Wait for it... ](*,) :lol:


----------



## Grahamshed (10 Nov 2013)

phil.p":2khupsk3 said:


> Wait for it... ](*,) :lol:



I'm estimating about two weeks so plenty of time to get in a supply of popcorn 

That joint looks pretty good to me Pete.


----------



## PeteG (10 Nov 2013)

phil.p":1wnzwroj said:


> Wait for it... ](*,) :lol:





Grahamshed":1wnzwroj said:


> phil.p":1wnzwroj said:
> 
> 
> > Wait for it... ](*,) :lol:
> ...



This is lost on me gentlemen, but I hope I'm not opening up old wounds :wink: ... But I do like popcorn and a good show :lol:


----------



## Grahamshed (10 Nov 2013)

We are not getting at you Pete.
Just anticipating you getting a set of chisels and starting another absorbing post about sharpening them. ( seriously, I enjoy them )


----------



## Graham Orm (10 Nov 2013)

phil.p":3u7s46ab said:


> Wait for it... ](*,) :lol:


 :lol: :lol: :lol:


----------



## Lons (10 Nov 2013)

phil.p":222tvd42 said:


> Wait for it... ](*,) :lol:



:lol: :lol: :lol: 

However.... Fried spam sandwich :shock: - YUK Give me a bacon butty anyday  

Bob


----------



## PeteG (11 Nov 2013)

Grahamshed":6paj1eiu said:


> We are not getting at you Pete.
> Just anticipating you getting a set of chisels and starting another absorbing post about sharpening them. ( seriously, I enjoy them )




Thank God for that Graham, I thought I'd committed some heinous crime  



Lons":6paj1eiu said:


> phil.p":6paj1eiu said:
> 
> 
> > Wait for it... ](*,) :lol:
> ...




Bacon sarnies are heavenly to Lons, I agree. But my grandson eat all the bacon on Friday


----------



## Lee J (11 Nov 2013)

You used a WHAT to cut a mortise/tenon joint?

you sir are a heathen.

a thousand lashes, off with his head!


----------



## PeteG (11 Nov 2013)

Lee J":3r0efoti said:


> You used a WHAT to cut a mortise/tenon joint?
> 
> you sir are a heathen.
> 
> a thousand lashes, off with his head!




I agree Lee...I shall get our lass to tie me to the bench and give me a damn good thrashing...


----------



## Grahamshed (11 Nov 2013)

Hey, lay off. You experiment away my man. I used to think multi tools were pretty much a useless toy but now use it for heaps of things.


----------



## PeteG (11 Nov 2013)

Grahamshed":hsn9qr2b said:


> Hey, lay off. You experiment away my man. I used to think multi tools were pretty much a useless toy but now use it for heaps of things.



Well said that man


----------



## Lons (11 Nov 2013)

PeteG":1hwimdn4 said:


> I agree Lee...I shall get our lass to tie me to the bench and give me a damn good thrashing...

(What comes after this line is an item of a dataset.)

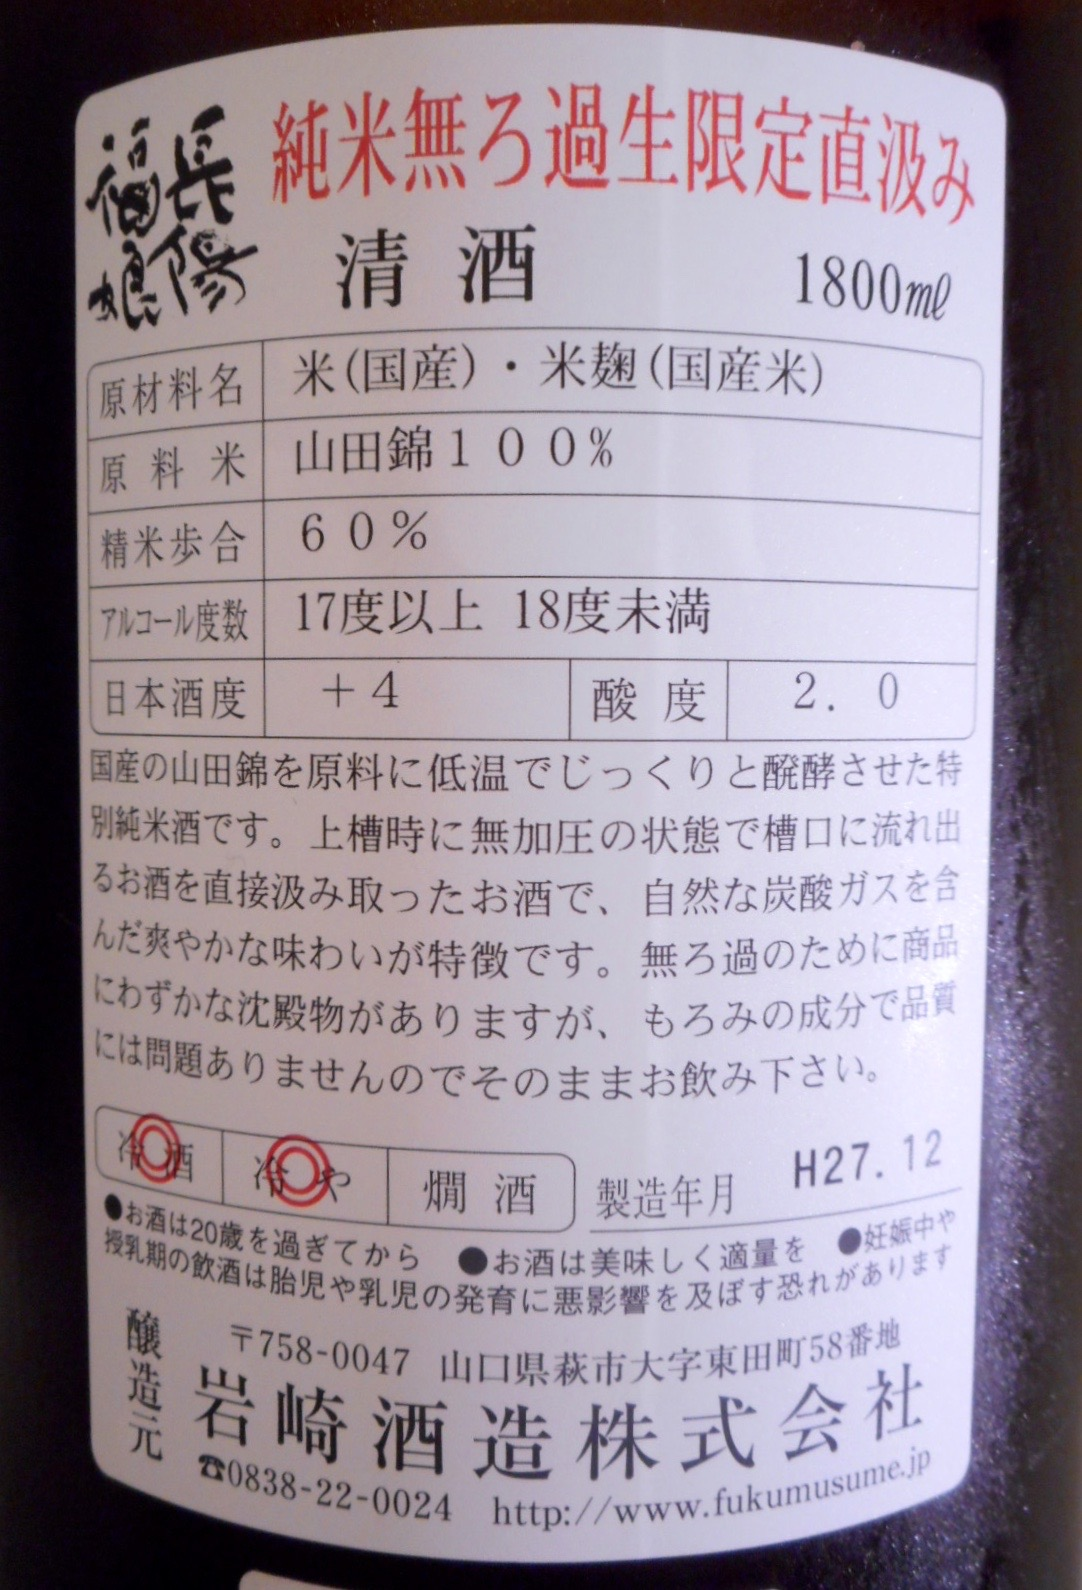 chouyoufukumusume_jikagumi_yamada60_3.jpg

Ahem :shock: Information overload Pete - keep it private please :lol: :lol: 

Agree about the multitool btw, I have a Bosch and it's very useful, never tried a mortice & tenon though. You've got too much time on your hands :wink: 

Bob


----------



## Graham Orm (11 Nov 2013)

Grahamshed":mq6ho3nb said:


> Hey, lay off. You experiment away my man. I used to think multi tools were pretty much a useless toy but now use it for heaps of things.



I use mine a couple of times on every job I go on. Be it to notch out some inaccessible wood or cut an inaccessible pipe. For instance on the bathroom I've just done the customer supplied everything, including a very deep self venting bath trap. This required a hole cutting in the floor board beneath it after the bath had been fitted. How do you do that? Awkward and knuckle bruising chisel work? My Bosch Multi tool did it in about 2 minutes. Love it!

Dear Bosch power tools, a years supply of blades will do nicely, no need for cash.


----------